◆ EXERCISE PROMPT ◆
Reproduce the data below exactly as written. Pictures do not belong in the copy.

◆ INFORMATION SUPPLIED ◆
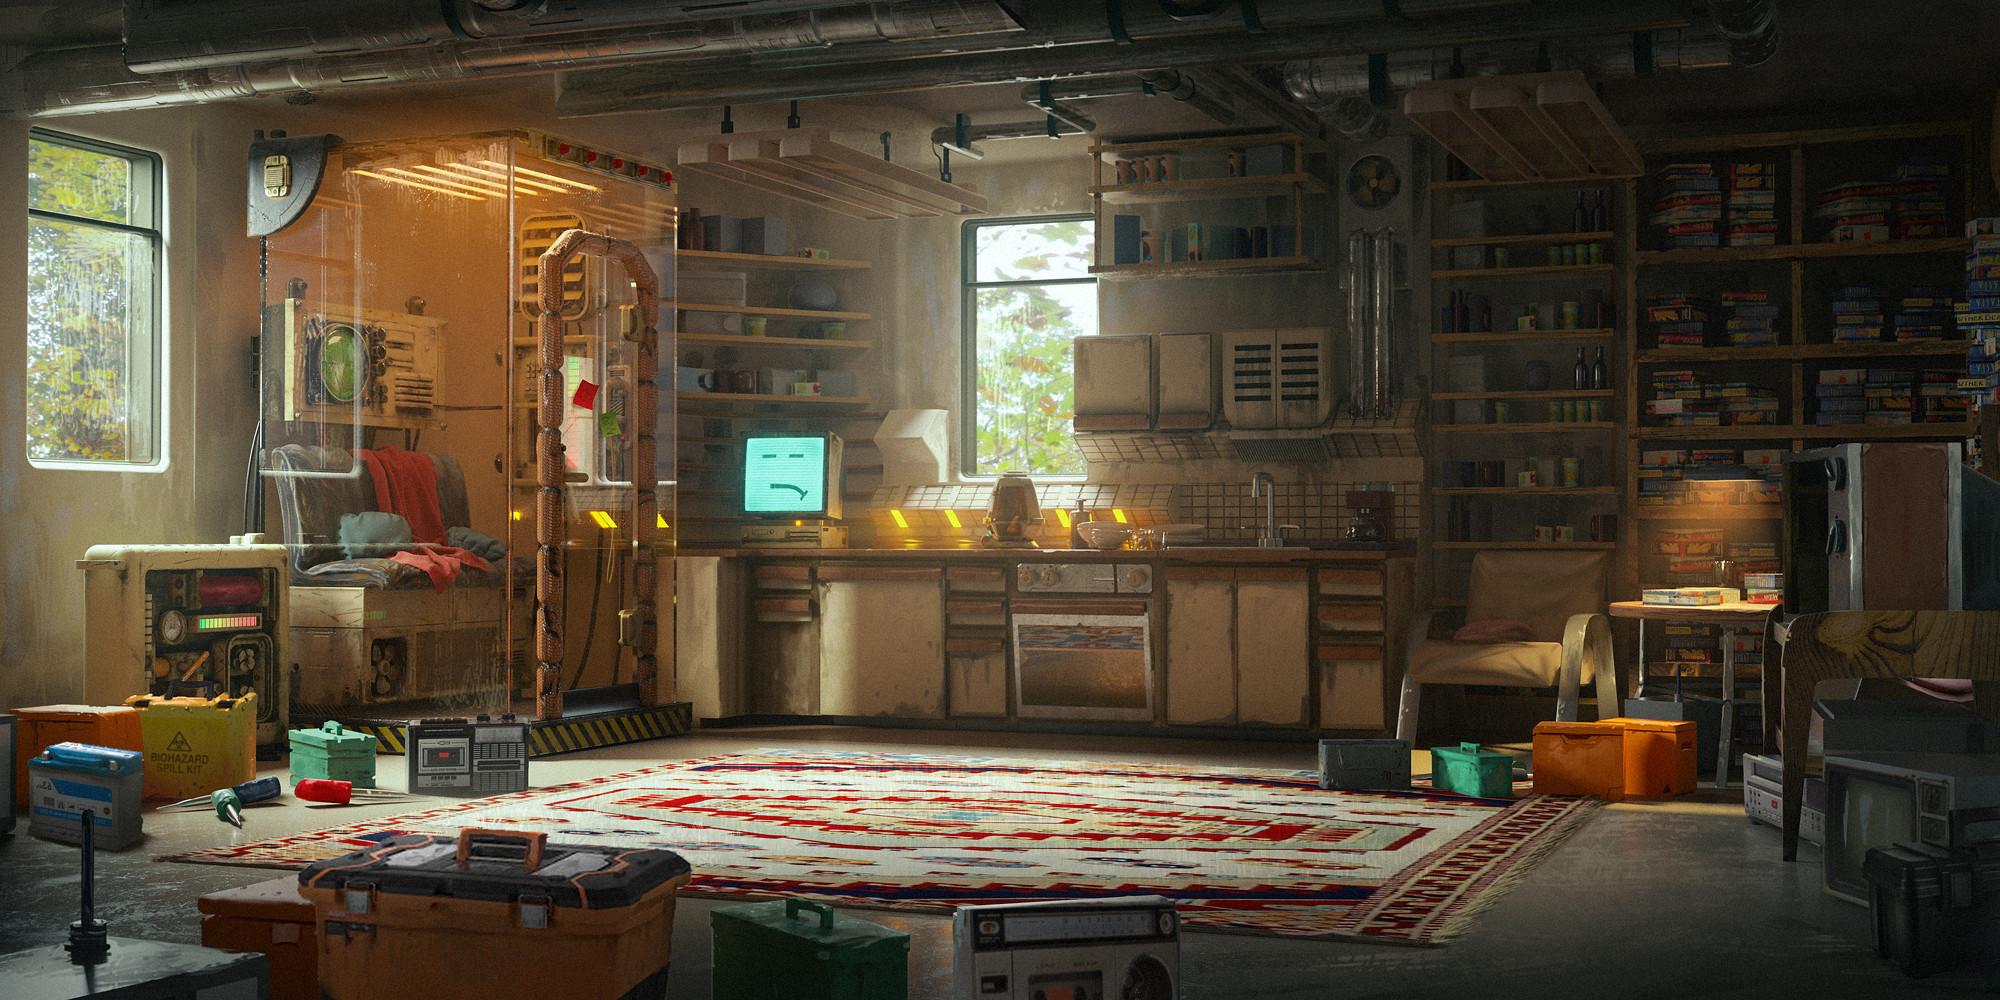 Room concept 1
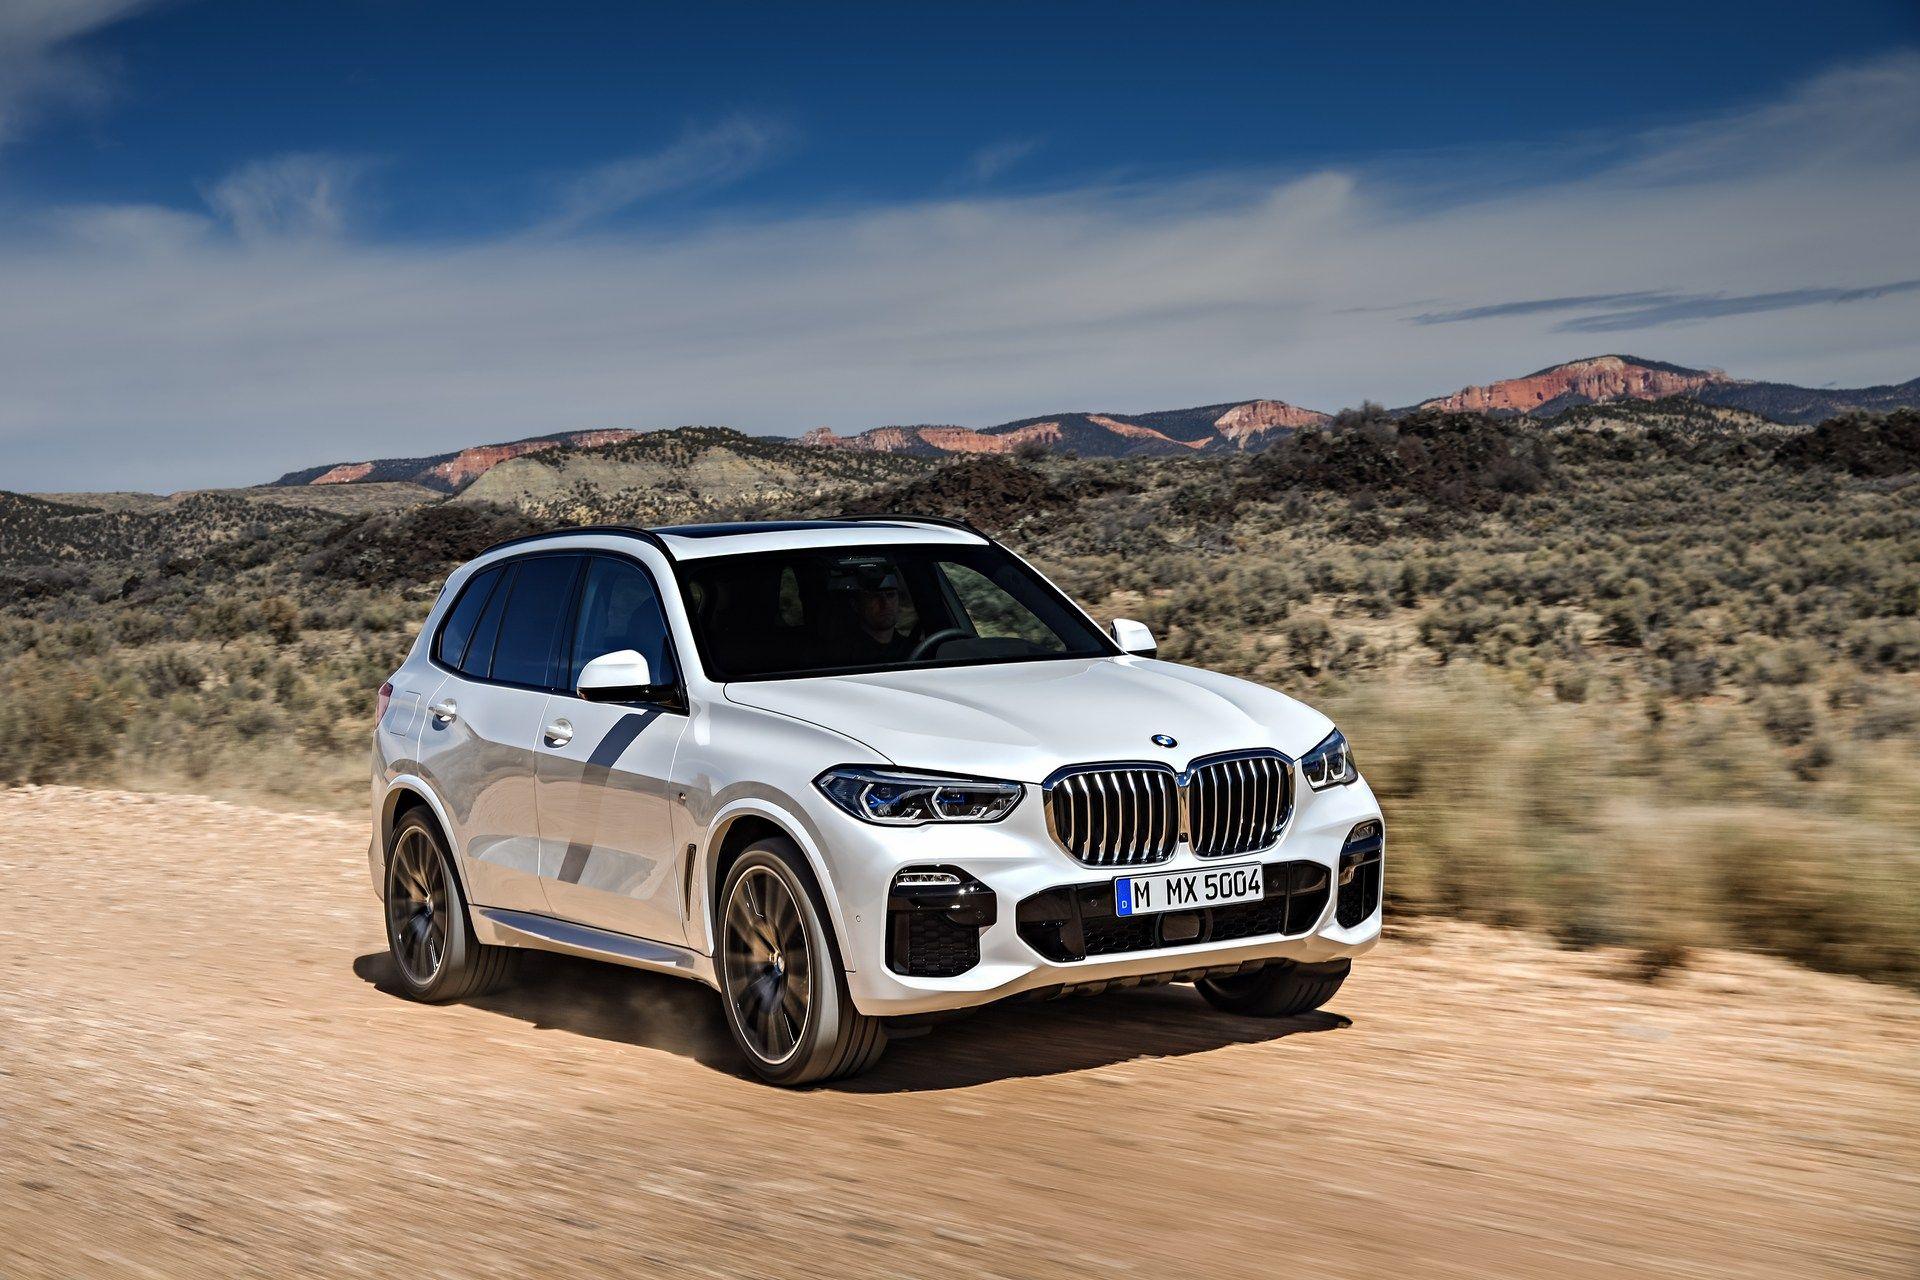 BMW-X5-13-1.jpg
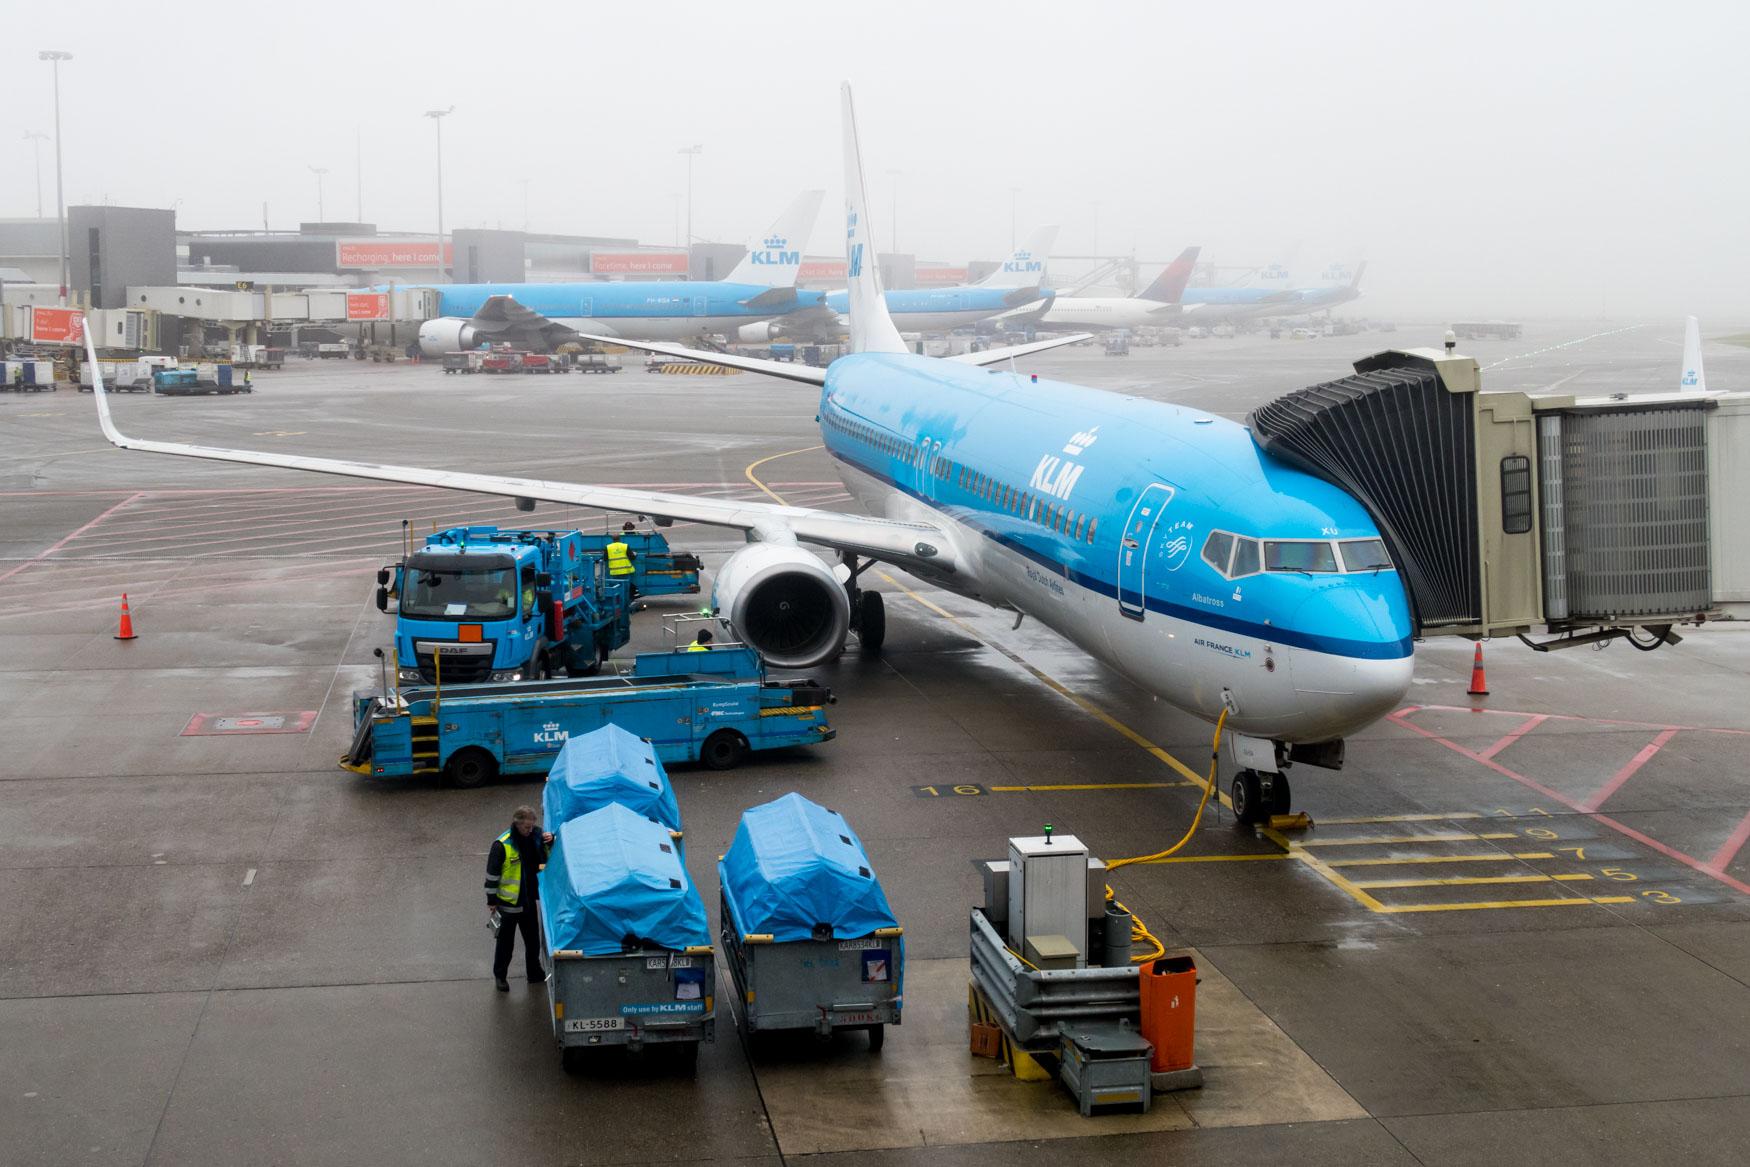 KLM Boeing 737-800 at Amsterdam Schiphol

◆ ANSWER BOX ◆
 Room concept 1
 BMW-X5-13-1.jpg
 KLM Boeing 737-800 at Amsterdam Schiphol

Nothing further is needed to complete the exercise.